Olympic fencing event

The men's épée was one of four fencing events on the Fencing at the 1908 Summer Olympics programme. The competition was held from 17 to 24 July 1908 at the Franco-British Exhibition fencing grounds. There were 85 competitors from 13 nations. Each nation could enter up to 12 fencers. The medals were swept by the French fencers, who also took the gold medal in the team épée event. Gaston Alibert was the gold medalist, with Alexandre Lippmann taking silver and Eugene Olivier bronze. Officially, it was the second consecutive medal sweep in the event, though two of the three "Cuban" fencers who medaled in 1904 were actually American.

==Background==

This was the third appearance of the event, which was not held at the first Games in 1896 (with only foil and sabre events held) but has been held at every Summer Olympics since 1900.

None of the five fencers from 1904 returned.

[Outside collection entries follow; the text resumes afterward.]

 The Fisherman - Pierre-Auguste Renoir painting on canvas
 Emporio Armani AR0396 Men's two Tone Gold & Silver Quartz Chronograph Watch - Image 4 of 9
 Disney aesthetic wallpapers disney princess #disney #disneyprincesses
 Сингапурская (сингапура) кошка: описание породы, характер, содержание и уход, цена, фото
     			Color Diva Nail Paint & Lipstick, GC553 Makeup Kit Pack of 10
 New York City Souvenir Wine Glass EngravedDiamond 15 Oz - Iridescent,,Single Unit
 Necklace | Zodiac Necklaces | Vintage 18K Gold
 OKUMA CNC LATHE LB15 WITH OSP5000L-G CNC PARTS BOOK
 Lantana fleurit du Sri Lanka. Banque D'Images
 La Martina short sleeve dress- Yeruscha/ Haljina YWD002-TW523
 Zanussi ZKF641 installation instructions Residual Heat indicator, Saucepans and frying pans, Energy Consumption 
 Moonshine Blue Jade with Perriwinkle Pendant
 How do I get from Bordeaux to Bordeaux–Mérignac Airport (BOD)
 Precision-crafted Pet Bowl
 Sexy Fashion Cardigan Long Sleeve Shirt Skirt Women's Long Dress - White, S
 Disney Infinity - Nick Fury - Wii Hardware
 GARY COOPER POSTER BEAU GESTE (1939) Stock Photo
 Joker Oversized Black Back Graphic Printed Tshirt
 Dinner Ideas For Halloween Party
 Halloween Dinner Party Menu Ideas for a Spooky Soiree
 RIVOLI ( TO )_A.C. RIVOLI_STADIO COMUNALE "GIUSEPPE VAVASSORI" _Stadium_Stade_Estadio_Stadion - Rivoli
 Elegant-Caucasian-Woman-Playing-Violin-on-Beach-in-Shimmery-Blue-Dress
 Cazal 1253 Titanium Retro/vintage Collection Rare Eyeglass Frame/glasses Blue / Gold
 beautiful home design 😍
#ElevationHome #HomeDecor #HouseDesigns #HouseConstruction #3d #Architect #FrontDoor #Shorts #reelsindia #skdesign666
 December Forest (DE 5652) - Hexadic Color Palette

Bohemia, Canada, Denmark, Hungary, the Netherlands, Norway, South Africa, and Sweden each made their debut in the event. Belgium, France, Germany, Great Britain, and Italy each appeared for the second time, matching Cuba and the United States (both absent for the first time) for most among nations.

==Competition format==

The competition was held over four rounds. In each round, each pool held a round-robin, with bouts to 1 touch. Double-touches counted as touches against both fencers. Barrages were used as necessary to determine the advancing fencers.
- First round: 13 pools of between 5 and 8 fencers each. The 3 fencers in each pool with the fewest touches against advanced to the second round.
- Second round: 8 pools of 5 fencers each (except one had only 4). The 2 fencers in each pool with the fewest touches against advanced to the semifinals.
- Semifinals: 2 pools of 8 fencers each. The 4 fencers in each pool with the fewest touches against advanced to the final.
- Final: 1 pool of 8 fencers.

==Schedule==

| Date | Time | Round |
|---|---|---|
| Friday, 17 July 1908 |  | Round 1 pools A–H |
| Saturday, 18 July 1908 | 10:30 14:30 | Round 1 pools I–L Round 1 pool M |
| Monday, 20 July 1908 | 10:30 17:15 | Quarterfinals 1–4 Quarterfinals 5–8 |
| Thursday, 23 July 1908 | 10:30 16:00 | Semifinal 1 Semifinal 2 |
| Friday, 24 July 1908 | 14:45 | Final |

==Results==

===First round===

The first round was conducted in round-robin format, to one touch. Pool sizes ranged from 5 to 8 fencers. Double-touches counted against both fencers. The three contestants who had been struck the fewest times advanced.

====Pool A====

Fildes and von Rosen had a double-touch, as did Stöhr and Fildes.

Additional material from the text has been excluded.